--- Problem requirements ---
The listing below is to be duplicated exactly, with every picture omitted.

--- Source material ---
[Start of section]
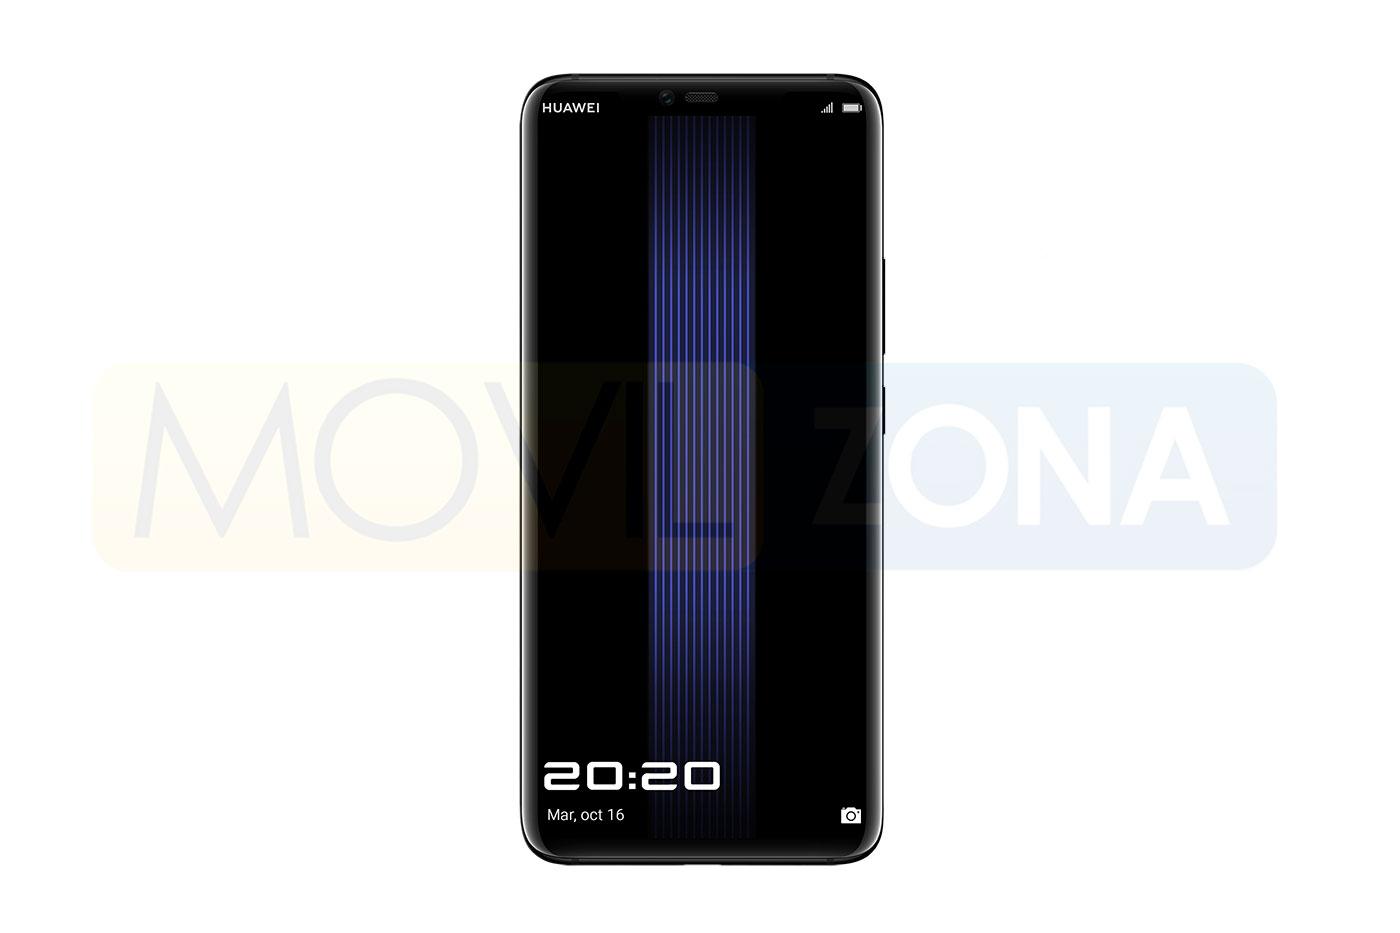 Huawei Mate 20 Porsche Design RS Android
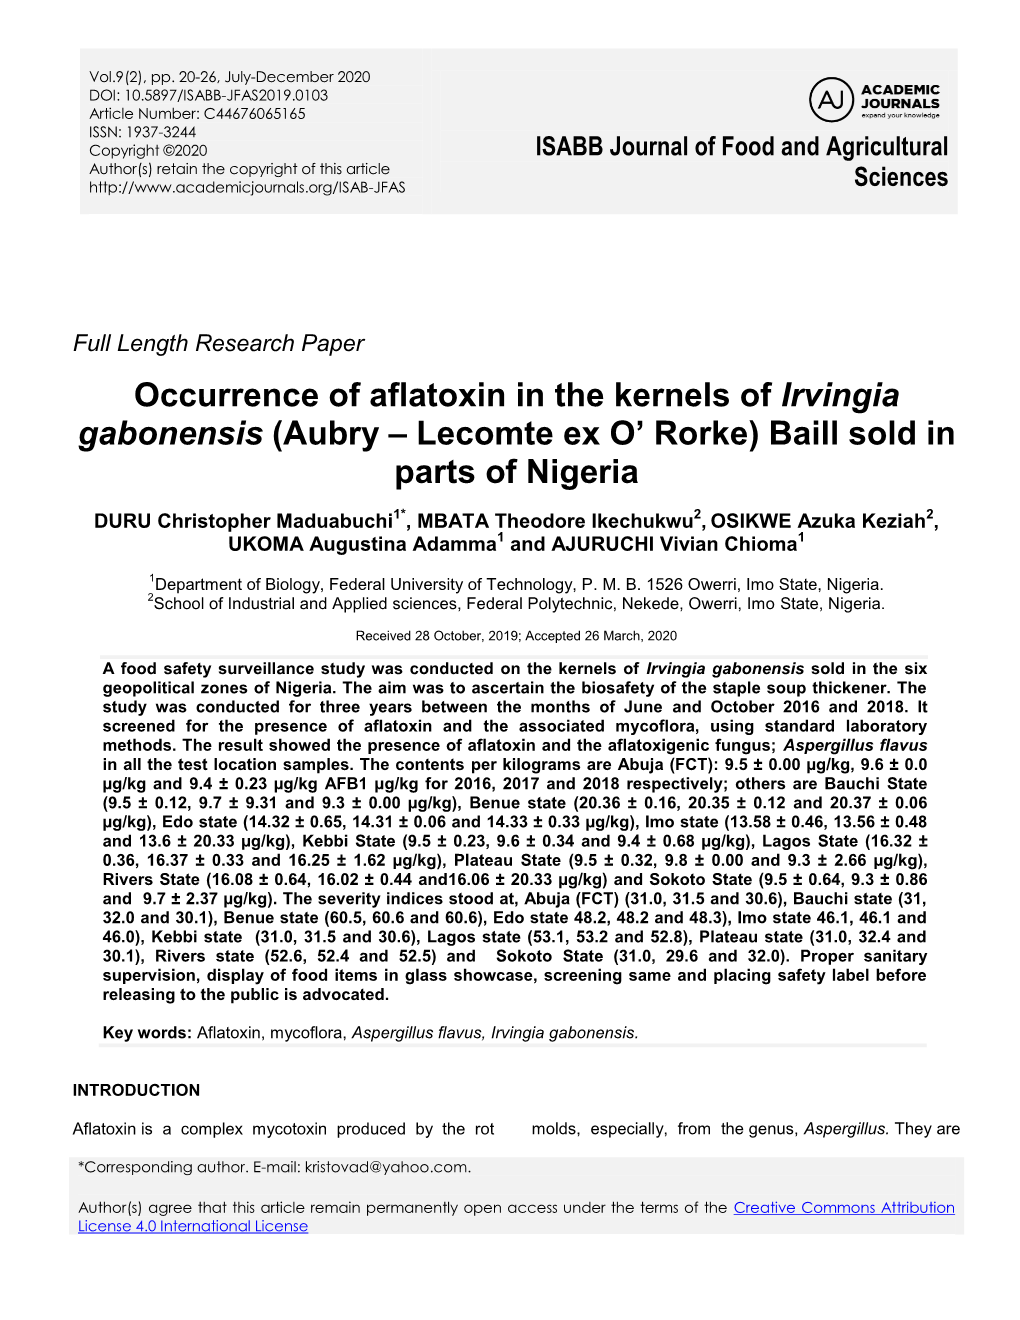 Occurrence of Aflatoxin in the Kernels of Irvingia Gabonensis (Aubry – Lecomte Ex O’ Rorke) Baill Sold in Parts of Nigeria
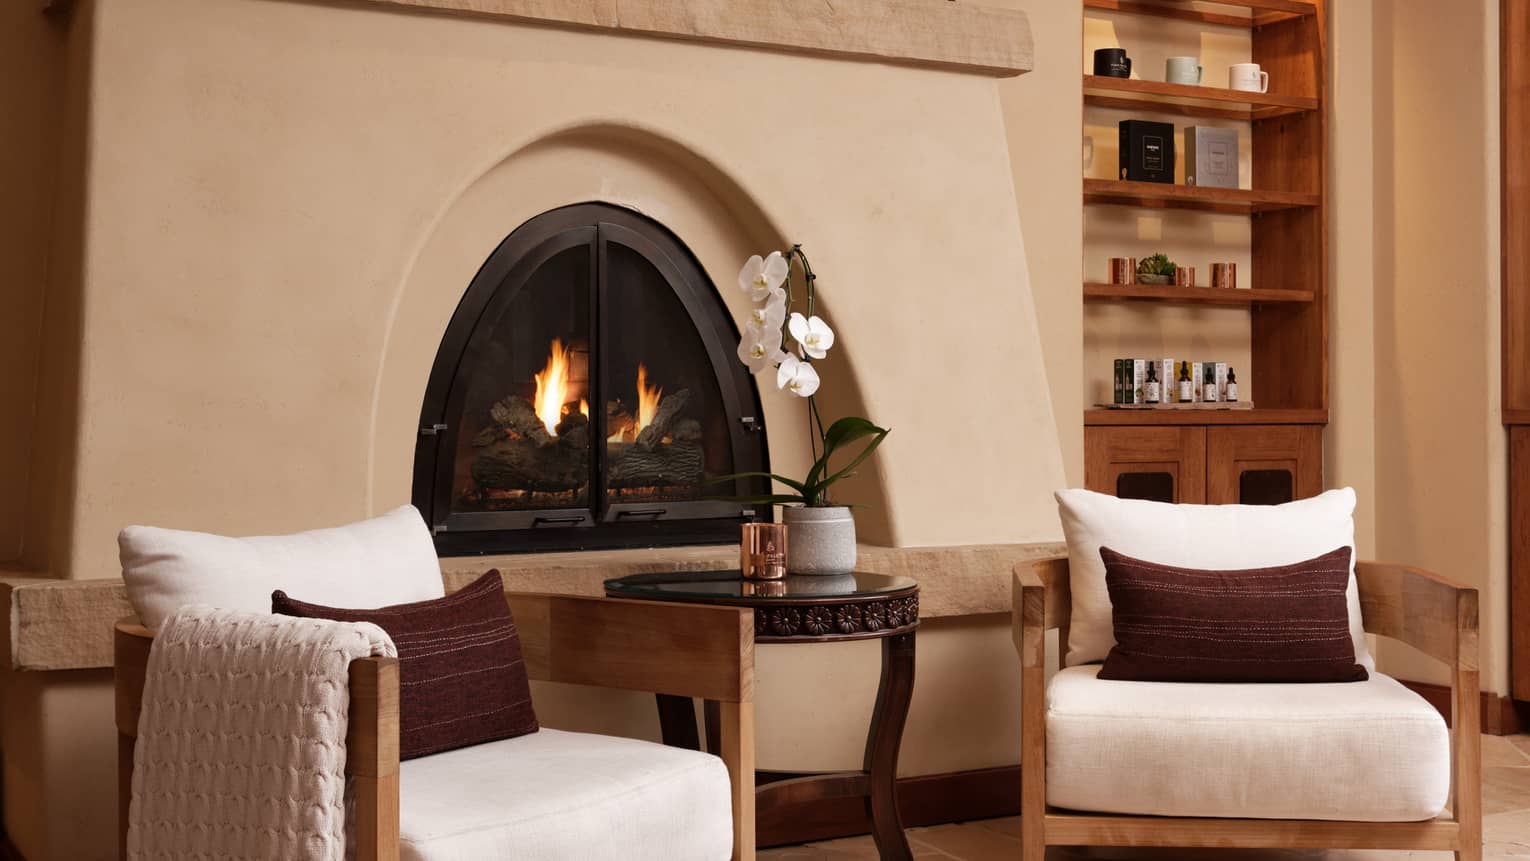 A sitting area with a fireplace, chairs and a small table.
[End of section]
--- Answer to this exercise ---
 Huawei Mate 20 Porsche Design RS Android
 Occurrence of Aflatoxin in the Kernels of Irvingia Gabonensis (Aubry – Lecomte Ex O’ Rorke) Baill Sold in Parts of Nigeria
 A sitting area with a fireplace, chairs and a small table.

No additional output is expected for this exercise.